10

I saw this quote in someone's forum sig file (signature): "Tantum religio potuit suadere malorum." - Lucretius

Curious, I consulted Google Translate, which my professional translator brother cautions against. I think he knows of what he speaks, as Google Translate renders the quote as:

religion in persuading bad

This result even has their "Translation verified by Translation Community" icon!
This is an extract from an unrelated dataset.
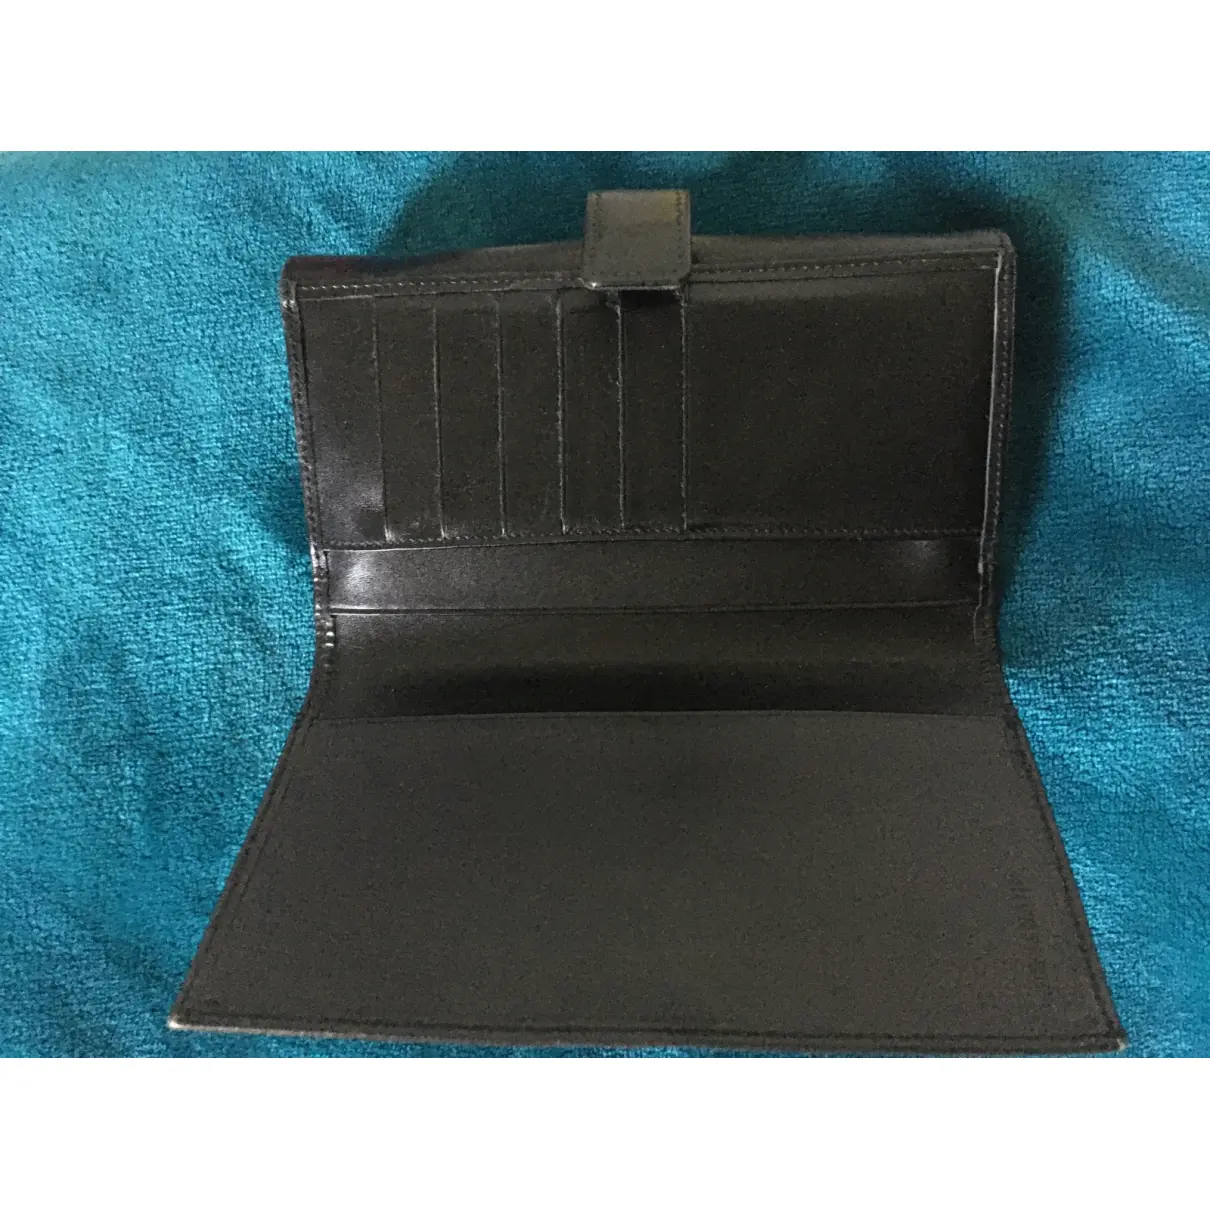 Roseau leather wallet Longchamp

I was not convinced.

I therefore searched about and discovered several (similar, but not identical) translations.


An article on NewEpicurean.com translates the Latin as:

So much does religion have the power to persuade to evil deeds.


Wiktionary offers three translations.

Under Etymology:

Literally "To such heights of evil has religion been able to drive men." From Lucretius' De Rerum Natura, Book I, 101.

Under Proverb:

The practice of religion leads people to practise evil.

And under quotations:

c. 99 BCE – 55 BCE, Lucretius, De rerum natura 1.101:

Tantum religio potuit suadere malorum.

So potent was religion in persuading to evil deeds.


Monica Gale translates the Latin as:

how powerfully religion directs towards evil

Monica Gale, "Lucretius and Previous Poetic Traditions", in The Cambridge Companion to Lucretius, eds. Stuart Gillespie and Philip Hardie (New York: Cambridge University Press, 2007), 67.


Reid Barbour translates it as:

such evils could religion incite

Reid Barbour, "Moral and Political Philosophy: Readings of Lucretius from Virgil to Voltaire", in The Cambridge Companion to Lucretius, eds. Stuart Gillespie and Philip Hardie (New York: Cambridge University Press, 2007), 155.


R. Allen Shoaf translates the saying as:

so great are the evils religion can make men commit

Richard Allen Shoaf, Lucretius and Shakespeare on the Nature of Things (Newcastle upon Tyne, England, UK: Cambridge Scholars Publishing, 2014), 25.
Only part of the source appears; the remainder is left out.